- Also known as: Spiderface
- Origin: Australia
- Occupation: Composer

= Byron J Scullin =

Byron J Scullin is an Australian composer and sound designer.

His sound design work has appeared in performances and exhibitions at National Gallery of Victoria, Rising Festival, and Dark Mofo.

His 2015 Dark Mofo art piece Bass Bath was a collaboration with the company Supple Fox, made up of Hannah Fox and Tom Supple. The work featured eight "2100 horsepower monolithic subwoofers" in the space which audience members could move around to change their experience, with the low tones causing a physical sensation across their body.

In 2017 he returned to Dark Mofo with Supple Fox. Their art piece Siren Songs included 450 speakers and a helicopter broadcasting sound around the city as part of the performance which The Guardian called "eerie, dark and beautiful." The work later toured the Perth Festival where it was reworked for the new setting. They then reimagined the piece as Clarion Call for a performance in Ipswich as part of SPILL Festival of Performance where it included local musicians Shirley Collins, Elizabeth Fraser, and Beth Gibbons.
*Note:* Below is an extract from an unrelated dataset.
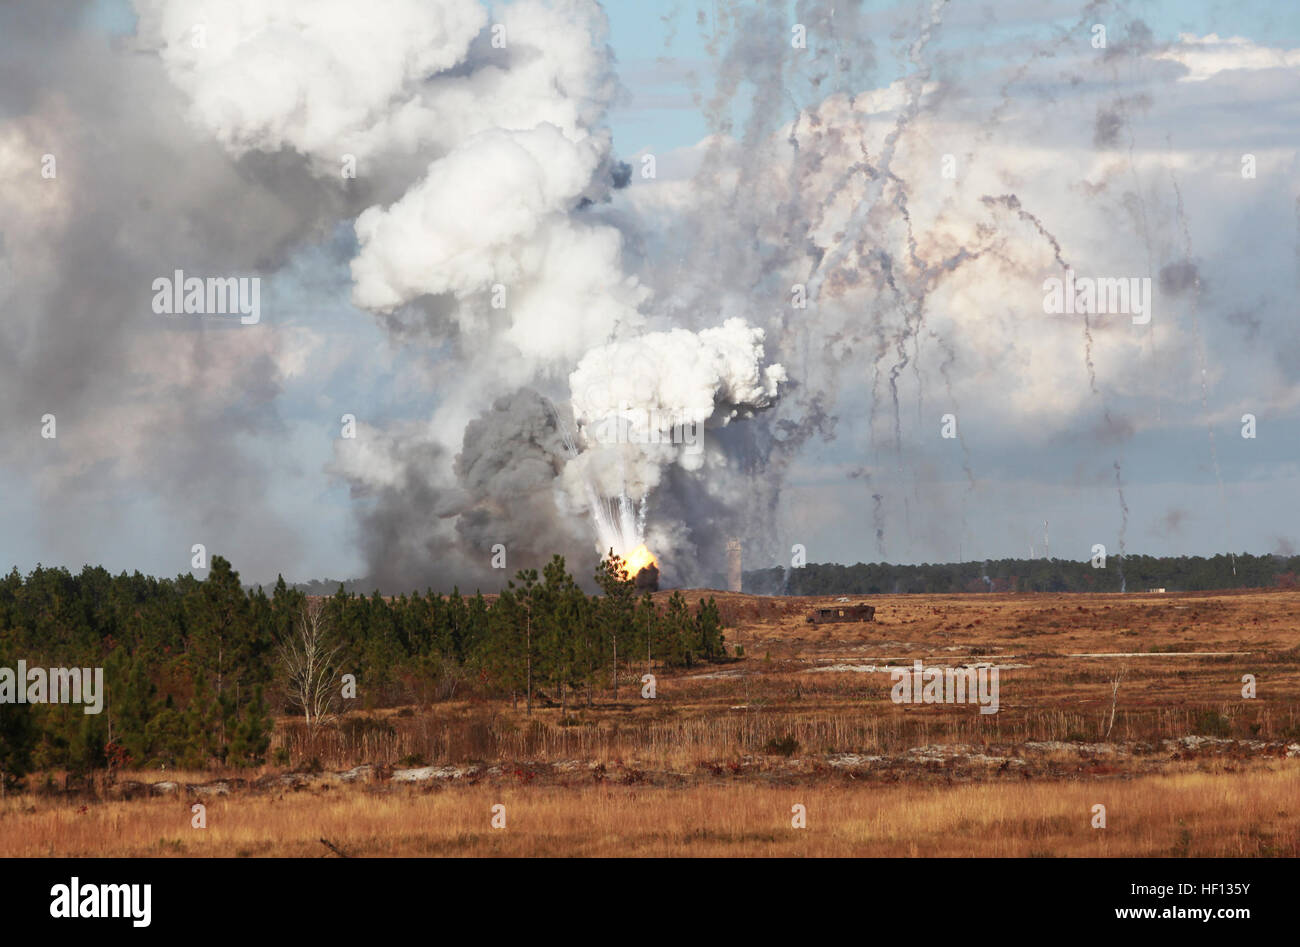 A mushroom cloud bursts into the air after the detonation of obsolete munitions by the Marines of Ammunition Company, 2nd Supply Battalion, 2nd Marine Logistics Group at a demolition range aboard Camp Lejeune, N.C., Dec. 4, 2012. The company detonated 17 separate caches of ordnance and destroyed damaged small-arms munitions in a burn pit filled with tinder and 35 gallons of diesel gasoline. Ammunition Marines clean house during demolition training 121204-M-DS159-229 Stock Photo

Byron has released one single under the alias Spiderface. A Seasonal Gift was released in 2014 as a free single with David Thrussell. Elsewhere, he has worked with Francois Tetaz, Darrin Verhagen, Philip Brophy, and Midnight Juggernauts.

In 2016 he co-founded the Melbourne Electronic Sound Studio (MESS) along with Robin Fox, which contains a collection of synthesisers and other electronic music instruments available to the public.

In 2021, Scullin's work The Rivers Sing (created with artists Deborah Cheetham Fraillon and Thomas Supple) was presented as part of the RISING: festival in Melbourne. It was presented again as part of RISING: 2024.